This book is a fun introduction to 'statistical arbitrage,' concentrating on the standard "mean reverting pairs" variety, and a decent explanation of merger arbitrage which he unifies with mean reverting stat arb in an interesting way. These two strategies still form the basis of a large number of high frequency techniques in one form or another. In fact, the book provides enough background material to be useful for all kinds of techniques for finding alpha; it has a very clear treatment of factor models, time series analysis (best low level one I have ever read, anywhere) and what market neutrality is and isn't. He provides a decent amount of discussion of the complexities surrounding tradeability and other practical issues that get swept under the rug in most books.

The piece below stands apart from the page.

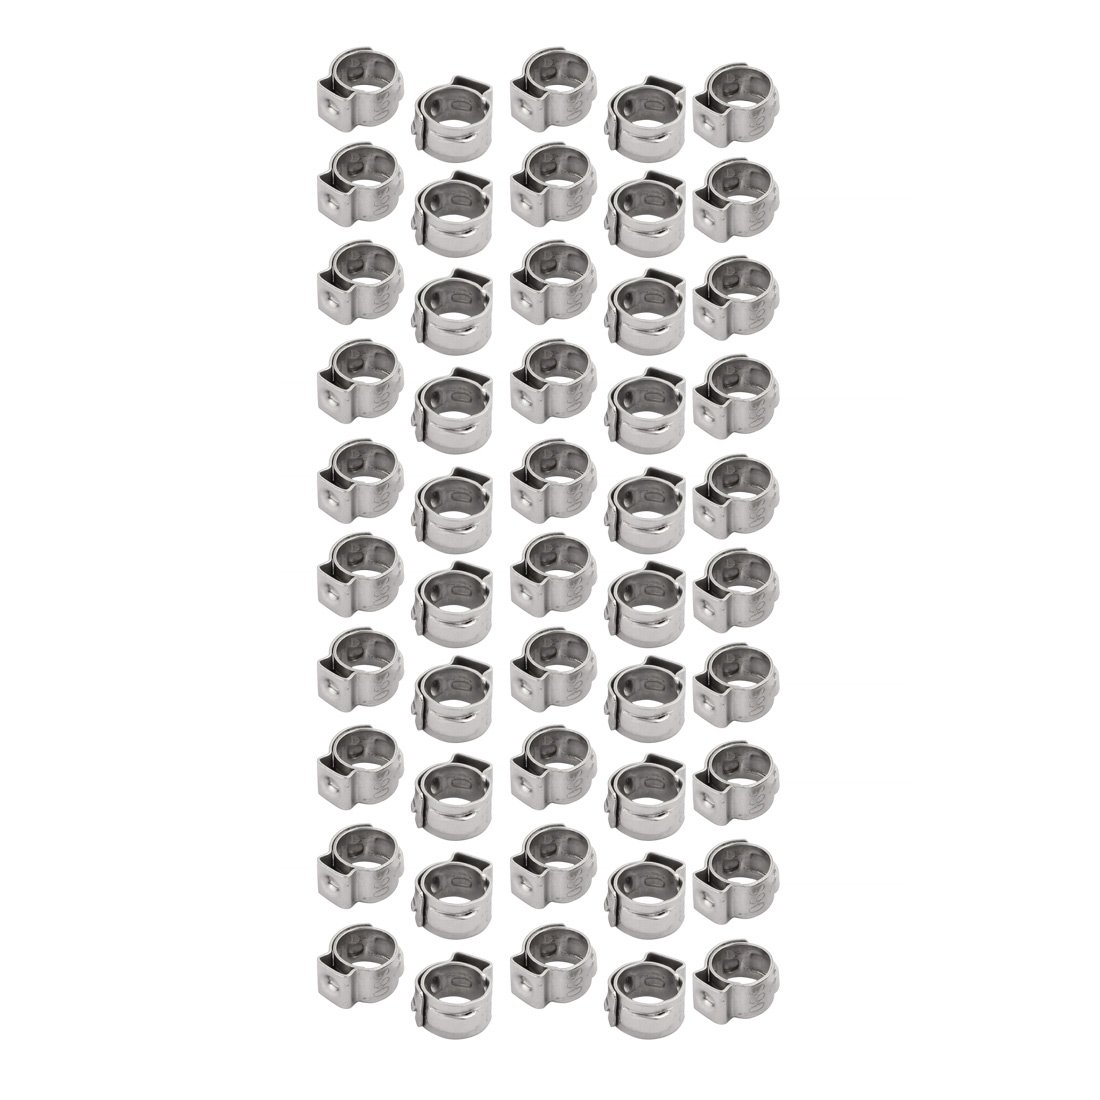 sourcing map -6.55, 3 mm mm 304 acciaio inossidabile tubo regolabile Fascette stringitubo Colore Argento 50pcs

Sure, there are a lot of specific 'stat arb' techniques he doesn't mention explicitly. He doesn't talk about basket trading plays, index arbitrage, volatility arbitrage or any of the other myriad clever (and often over my head) techniques used by sophisticated fund managers to vacuum up loose change that dumb people leave on the street. So what? Vidyamurthy gives you enough material you can go out and learn the practical details of real strategies on your own. If you're gifted enough, you can go figure them out (and more) for yourself once you understand the material in the book: they're mostly variations on these themes. Why should Vidyamurthy give away the keys to the kingdom for $100? Be happy he wrote the book at all. Presumably, he makes a living actually doing 'stat arb' type things, and his motivation was to have a book to give to his underlings so he didn't have to explain GARCH and cointegration to someone who breathes out of his mouth for the 9,000th time.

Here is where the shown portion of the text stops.